The Effect of Heat on CPUs and Computer Systems
With all that electricity passing through silicon at an amazing speed, there’s sure to be friction; and heat. The experts are continuously telling us how important it is to cool these tiny little pieces of silicon they call “CPUs” and “chipsets”. The problem is, parts of the cpu start to deform at high temperatures, also known as “burn out” temperatures. Although there are many many layers to the microprocessor, we focus our attention to the top of the chipset for the most effective overall cooling. So what if it is hot? If the silicon’s not deformed then the electrons can pass properly and we make the connection. So why cool it more than you need to?
Well, firstly lets look at silicon. Silicon comes in two types, P-Type and N-type, but effectively, the heat properties of the two behave the same. Silicon, as it heats up becomes more conductive, letting more electrons (put simply, electricity particles) through. Now I know what your thinking, “hold on, if it’s more conductive, doesn’t that mean it should be faster?”, but no. The speed of the computer isn’t on how fast the electricity moves through silicon, although, speeding that up would improve things. We’ve all heard the term, clock speed. Gigahertz. Megahertz. That is, the speed at which it can execute each instruction and synchronize each computer part. So to put it in lemans terms, the faster the clock speed, the quicker the computer (not taking architecture into account, for all you techies out there).
To put all of that simply, a CPUs heat is directly related to it’s clock speed; the higher the clock speed, the more power used and subsequently, more heat.

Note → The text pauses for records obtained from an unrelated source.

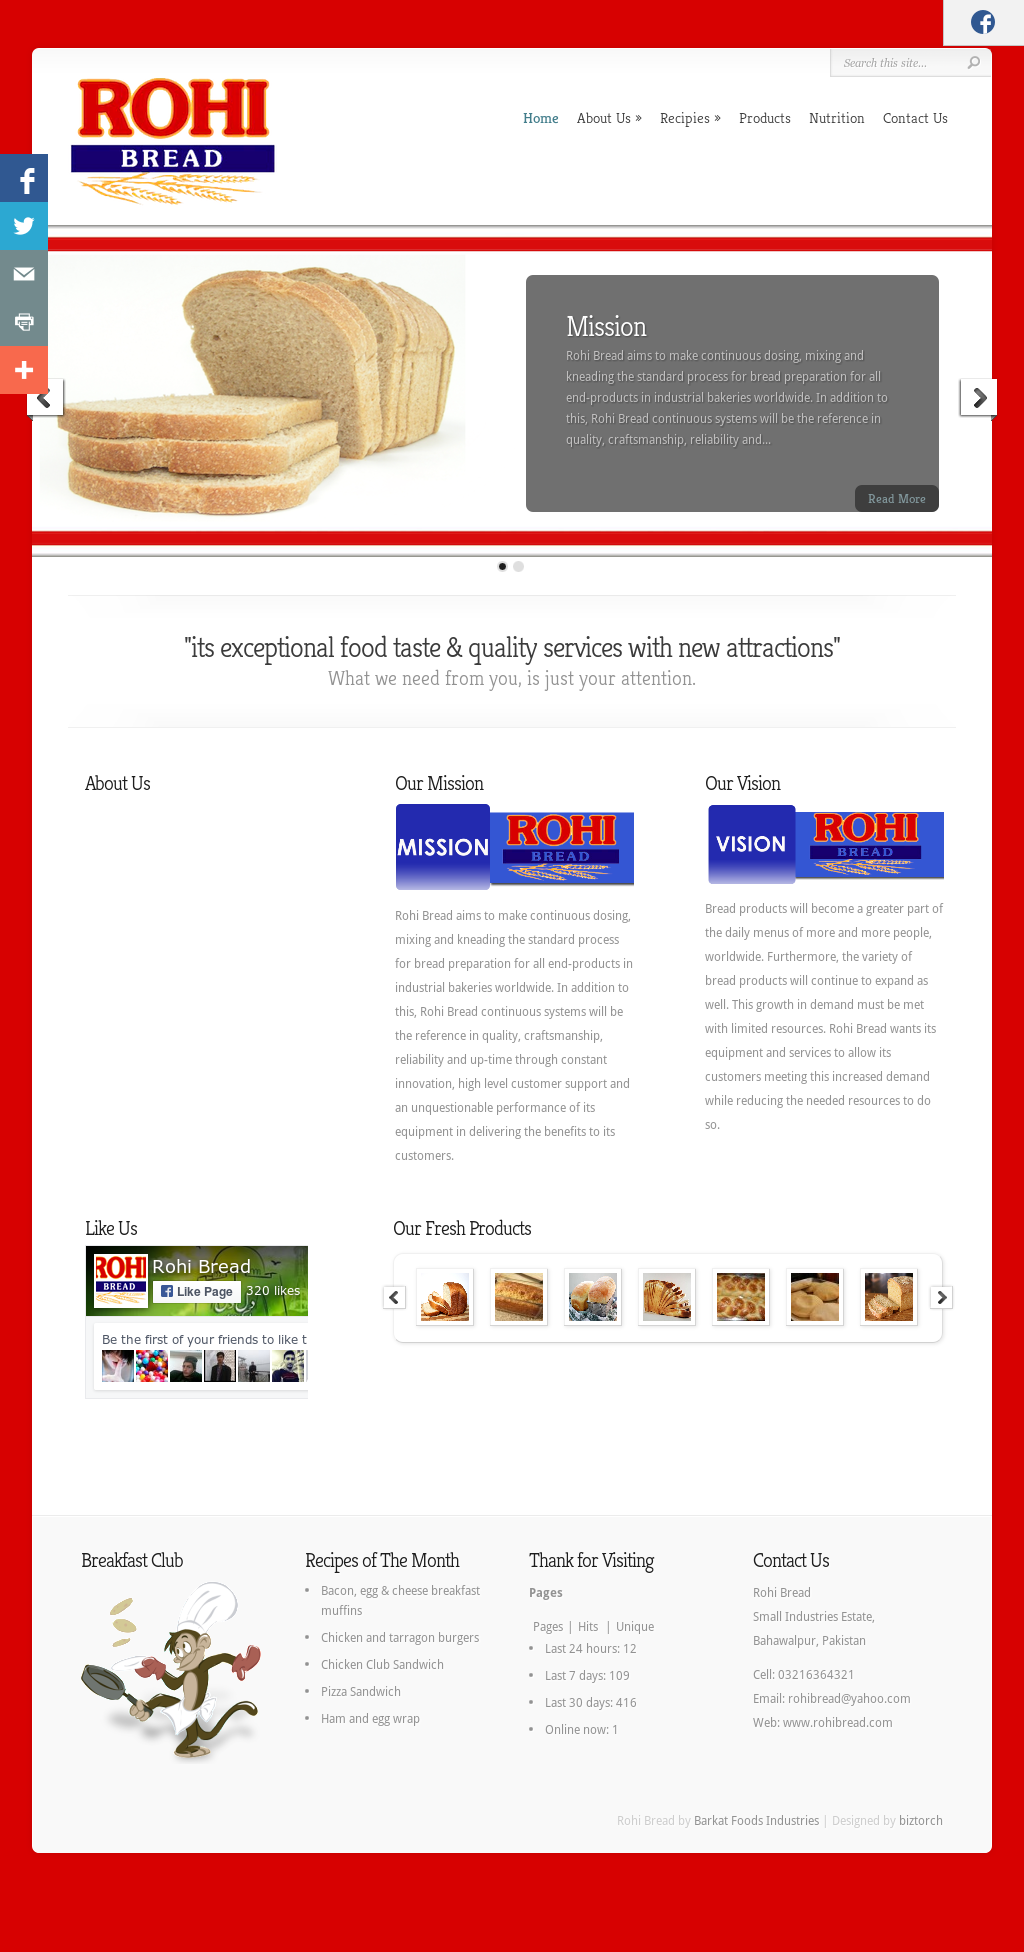 Rohi website
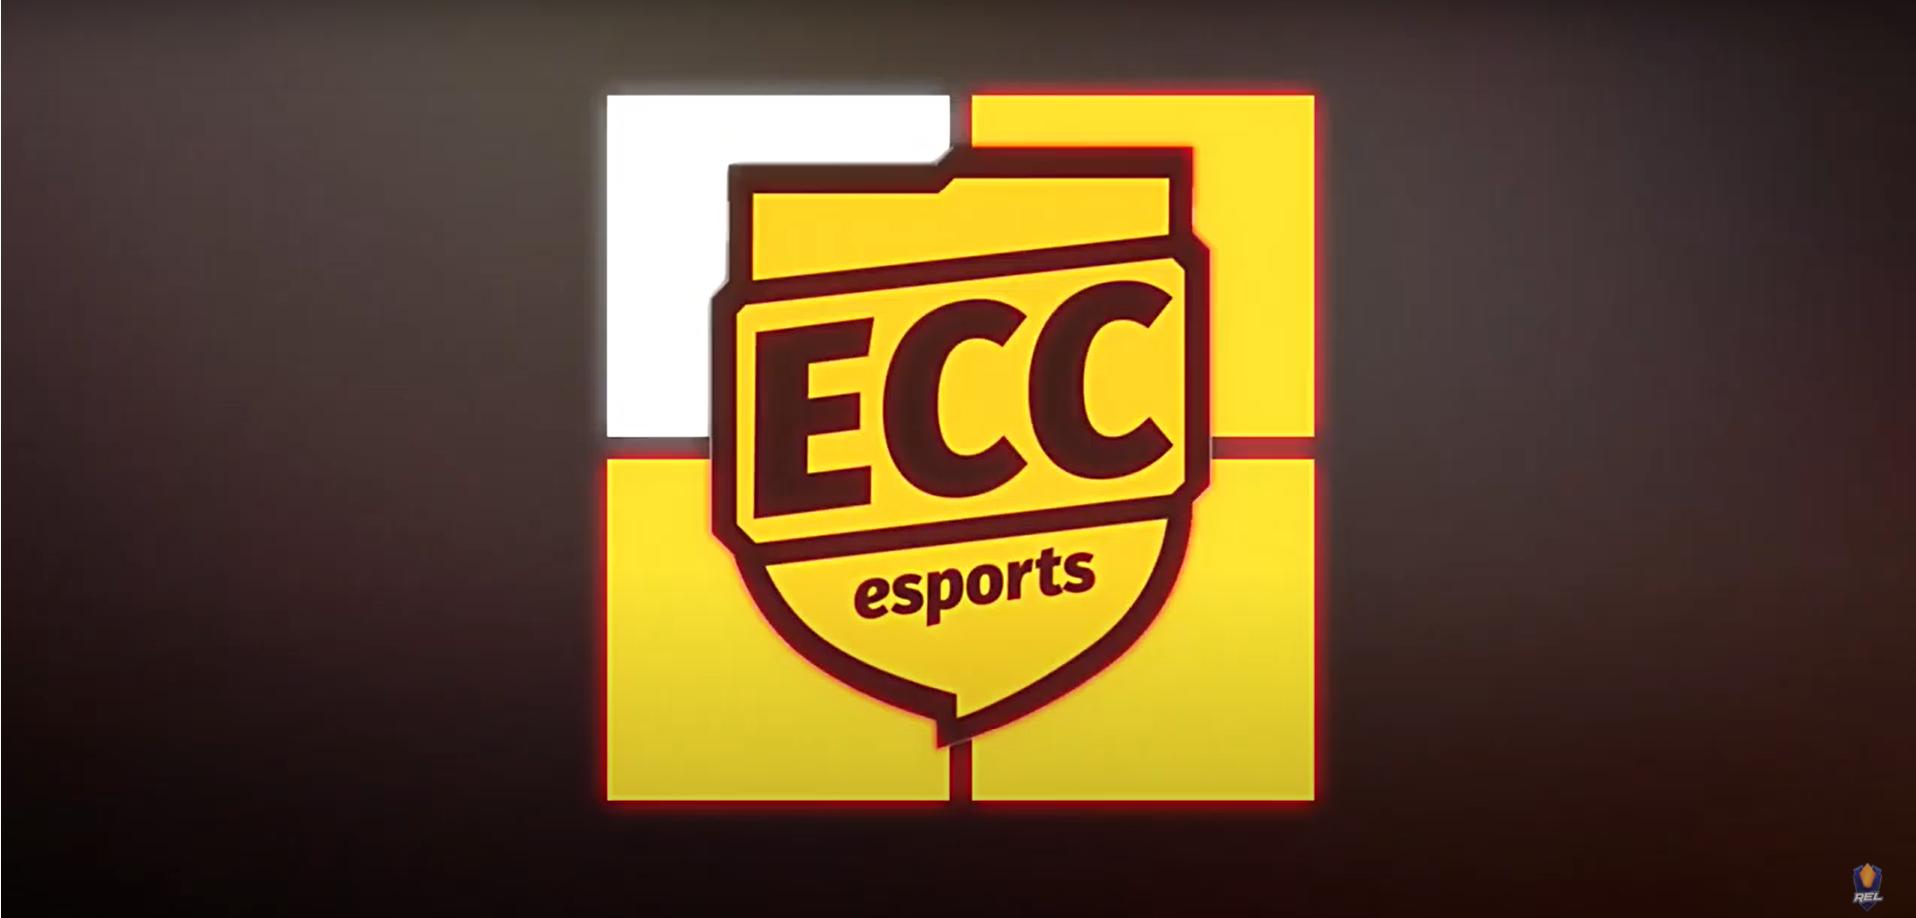 Esports Corporate Championship
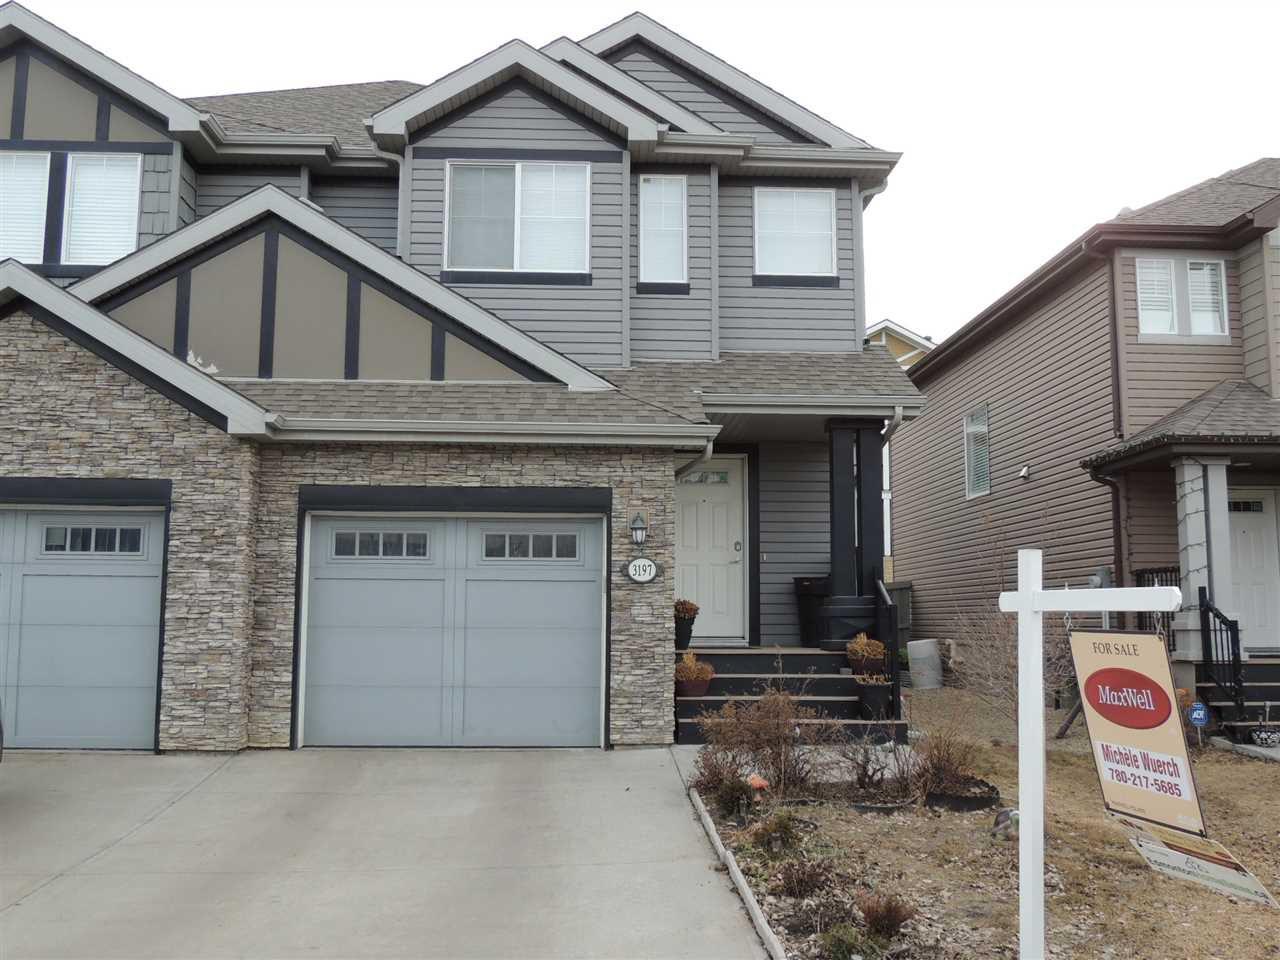 Main Photo: 3197 WHITELAW Drive in Edmonton: Zone 56 House Half Duplex for sale : MLS®# E4145136

Without adequate cooling, today’s CPUs can very easily reach well over 150 degrees Celsius, if there weren’t systems in place to prevent it. These systems include a clock speed limiter. When the CPU gets above temperature, the CPU management (BIOS – CMOS system) slows it down. This results in a complex system that gives performance increases with a cooler system, and performance slow down in a hot system.
While performance is a big aspect to look at in hot systems, so is the ongoing toll on the hardware. Consistently hot systems aren’t expected to last anywhere near as long a cooler systems. Thermal fatigue in silicon results in cracks in transistors, and transistor mounting failures, in particular. Of course, just one transistor failure on a complex system such as a motherboard or graphics card can result in the entire system failing. And a replacement board being an appropriate fix.

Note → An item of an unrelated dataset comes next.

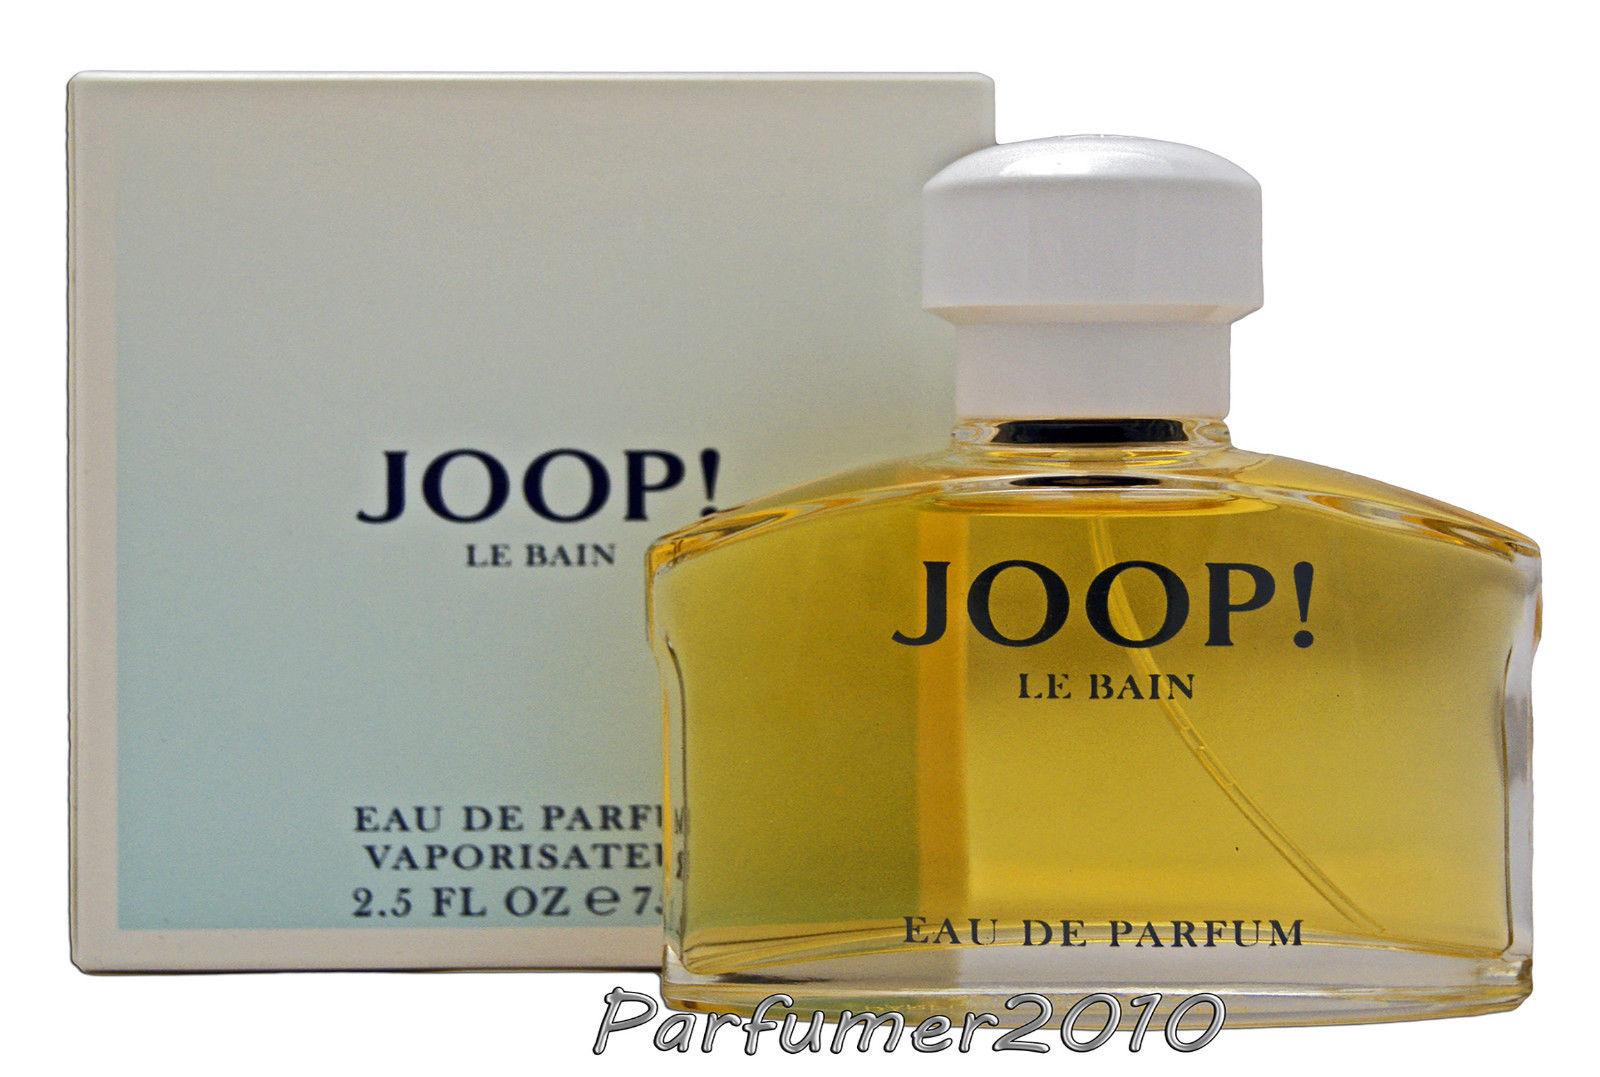 Joop Le Bain 75ml Eau de Parfum EDP Spray Neu&Originalverpackt

What’s a safe operating temperature?
Each computer system is different. Operating temperatures depend largely on the CPU type, the provided cooling, the age of the computer, and the motherboard heat management systems. But as a general rule, your CPU should be running between 40 – 60 degrees Celsius, and your system should be between 20-40 degrees. If it’s cooler, great. But generally it’s not good to have it running hotter. Laptop batteries are largely affected by heat so be sure to take out batteries if
What is appropriate cooling?
As much as some overclockers will say that you really do need a liquid nitrogen cooling system, a basic, air-cooled, computer fan system is usually fine. As long as your not not overclocking and running power intensive programs (like games), any processor will come included with appropriate cooling. If however, your in a particularly hot part of the world, be sure to look into better fan or even water systems.